## Data
####

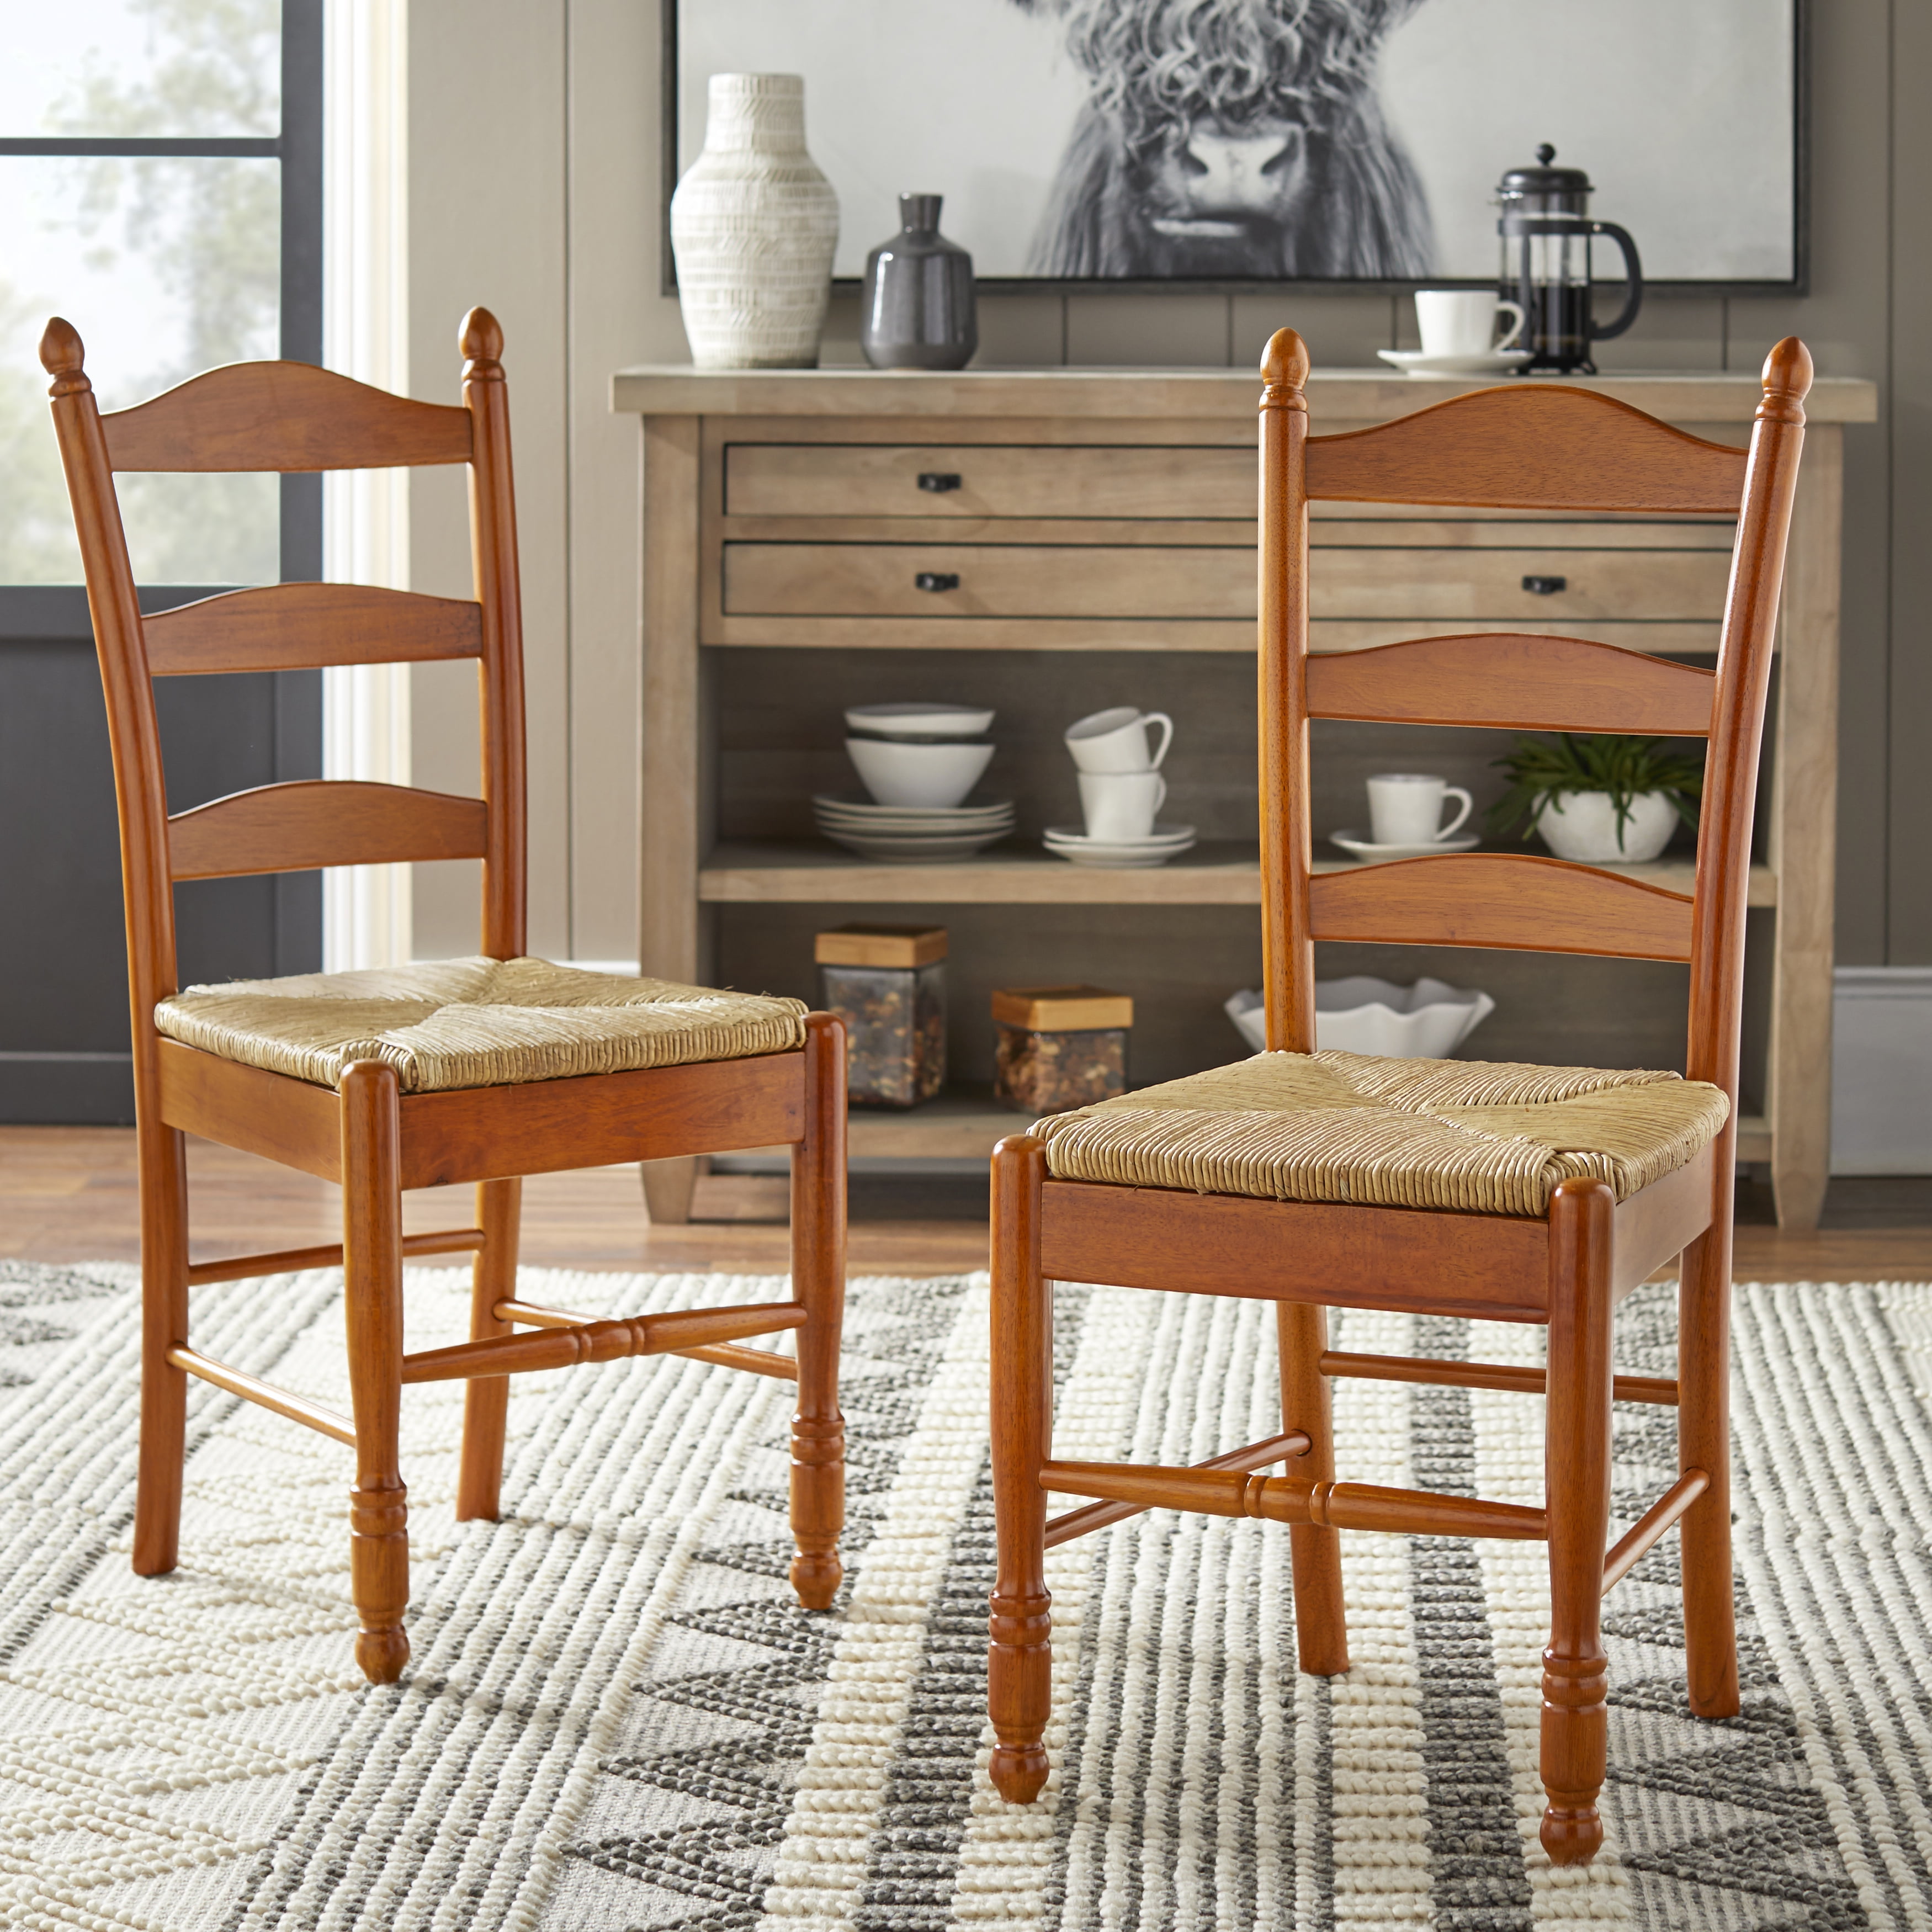 Ladder Back Rush Seat Chairs - Set of 2, Multiple Colors - Walmart.com
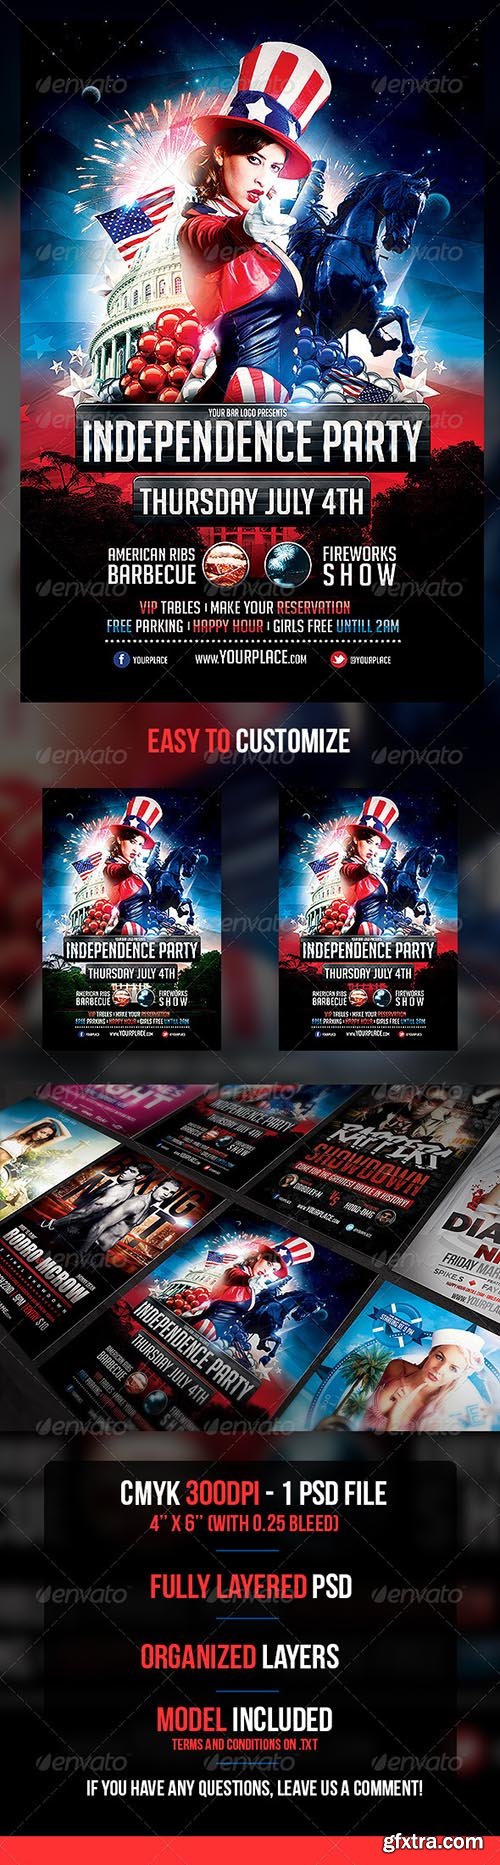 Independence Day Flyer Template 5028238
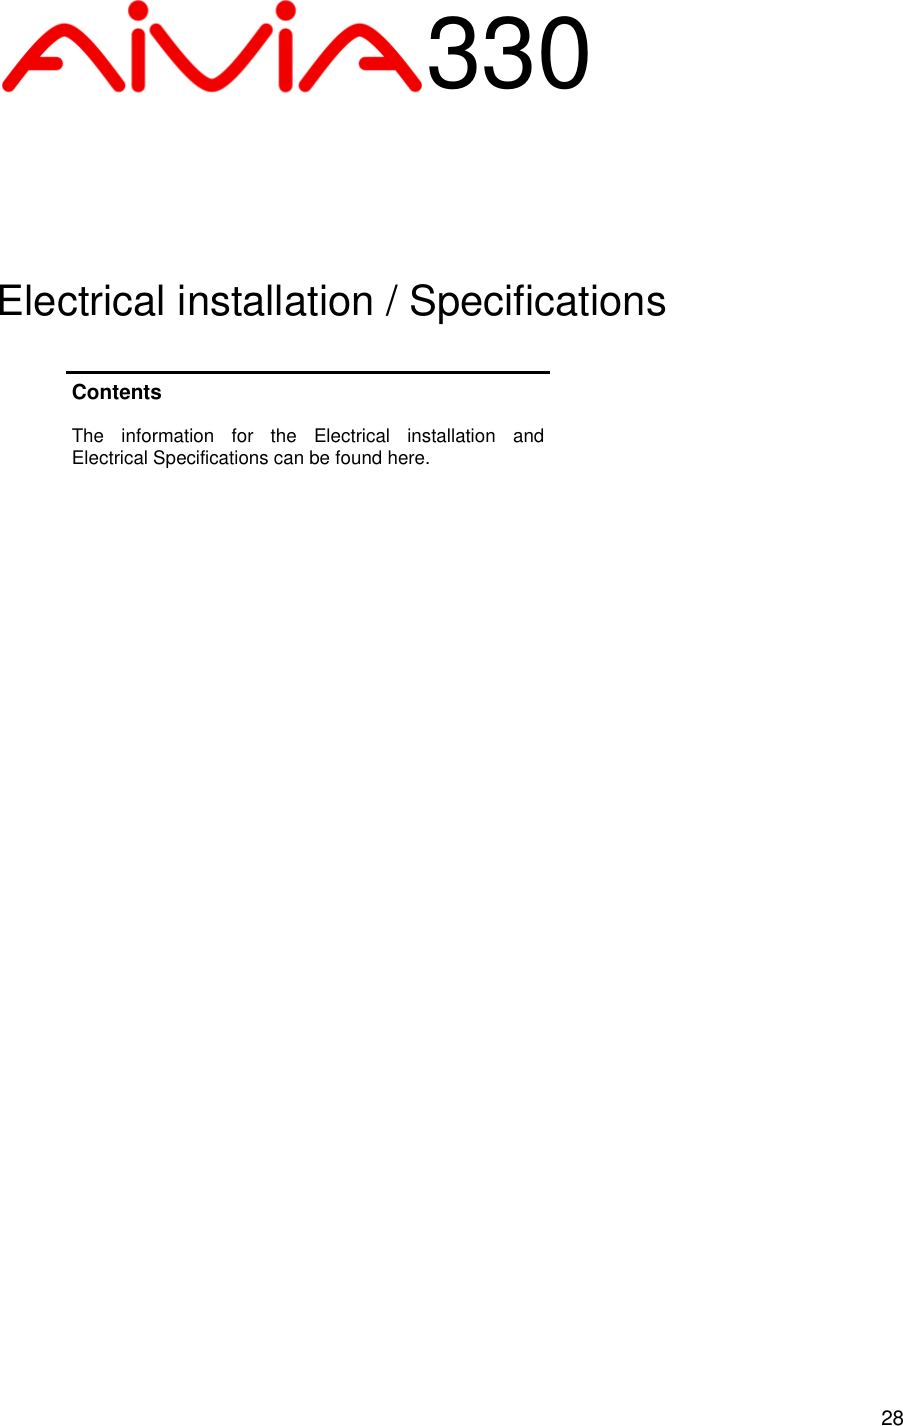  28 Contents  The  information  for  the  Electrical  installation  and Electrical Specifications can be found here. 330 Electrical installation / Specifications

####

## Instructions to follow
Please reproduce the lines above from the one containing "Independence Day Flyer Template 5028238" through the final line, exactly and inclusively, leaving out each picture.

## Task result
 Independence Day Flyer Template 5028238
  28 Contents  The  information  for  the  Electrical  installation  and Electrical Specifications can be found here. 330 Electrical installation / Specifications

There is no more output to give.